〈自己株買いの産物〉キヤノン「本当の時価総額」は5兆円台でなく3兆円台? 日本の常識は世界の非常識か

近年、自己株買いを加速させている一社がキヤノンだ。2024年は2回にわたり総額2000億円を投じて実施。2025年に入ってからも2~3月と4~5月にそれぞれ約1000億円規模を買い付けた。
自己株買いの理由は、資本効率の向上や株主還元の充実、手元資金の活用などときわめて一般的。ただ、キヤノンの自己株買いには特徴がある。取得した自己株を消却せずに保有し続けていることだ。

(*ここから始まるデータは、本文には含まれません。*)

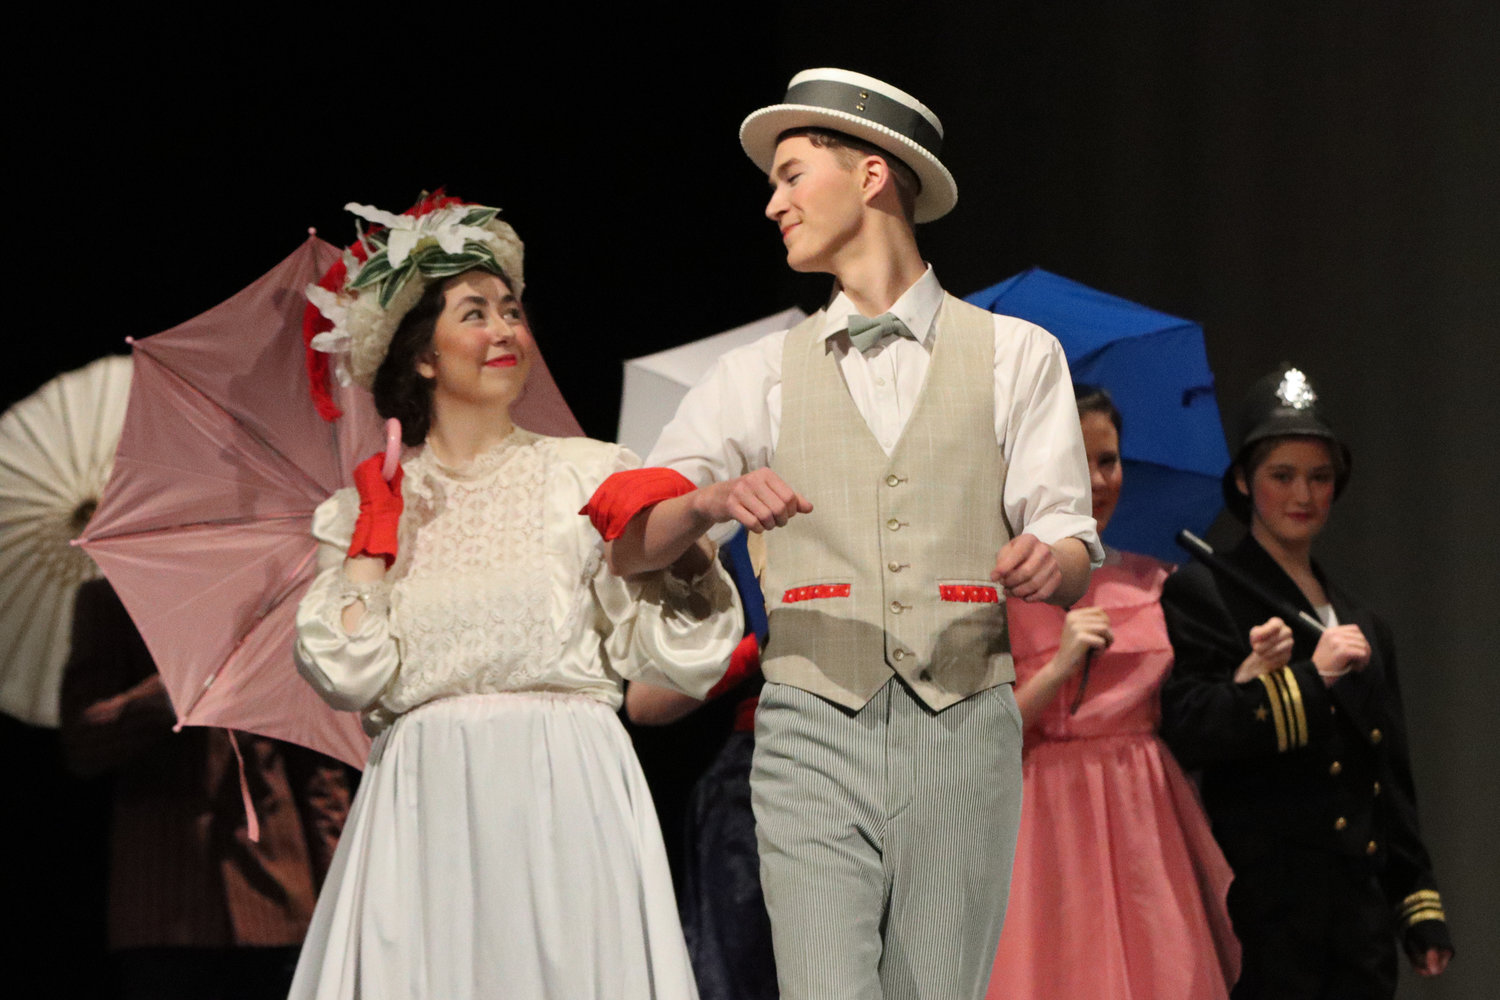 Hillcrest Academy students perform the spring musical, Mary Poppins, in Celebration Hall on Sunday, March 27

保有する自己株は積もり積もって、発行済み株式数に対する比率は5月時点で32.4%に達した。つまり、発行済み株式のうち3割以上が市場に出回っていない「金庫株」の状態にある。キヤノンは金庫株となっている自己株を市場に放出する意向はないとしている。
富士フイルムHDと拮抗する
発行済み株式数に株価を乗じたキヤノンの時価総額は、6月20日時点で約5.6兆円。複合機やカメラでキヤノンと競合関係にあるのは、富士フイルムホールディングス(HD)だ。時価総額は約3.8兆円でキヤノンが1.8兆円上回っている。
だが、市場で取引されていない自己株を除いた株数で時価総額を計算すると様相が変わる。キヤノンは約3.79兆円、富士フイルムHDは約3.71兆円となり、両社は拮抗する。キヤノンの自己株比率が高いのに対し、富士フイルムHDは3.1%と低いのが理由だ。

自己株は市場に流通しないだけでなく、配当や議決権といった株主の権利が付与されていない。経済的な実体に欠くこの株式を、企業価値を測る指標として、広く使われている時価総額の算出に含めるべきなのか。
日本において時価総額は「発行済み株式数(自己株を含む)×株価」で算出するのが一般的だ。日本経済新聞やYahoo!ファイナンス、会社四季報オンラインをはじめ、多くの情報ベンダーやメディアがこの計算をしている。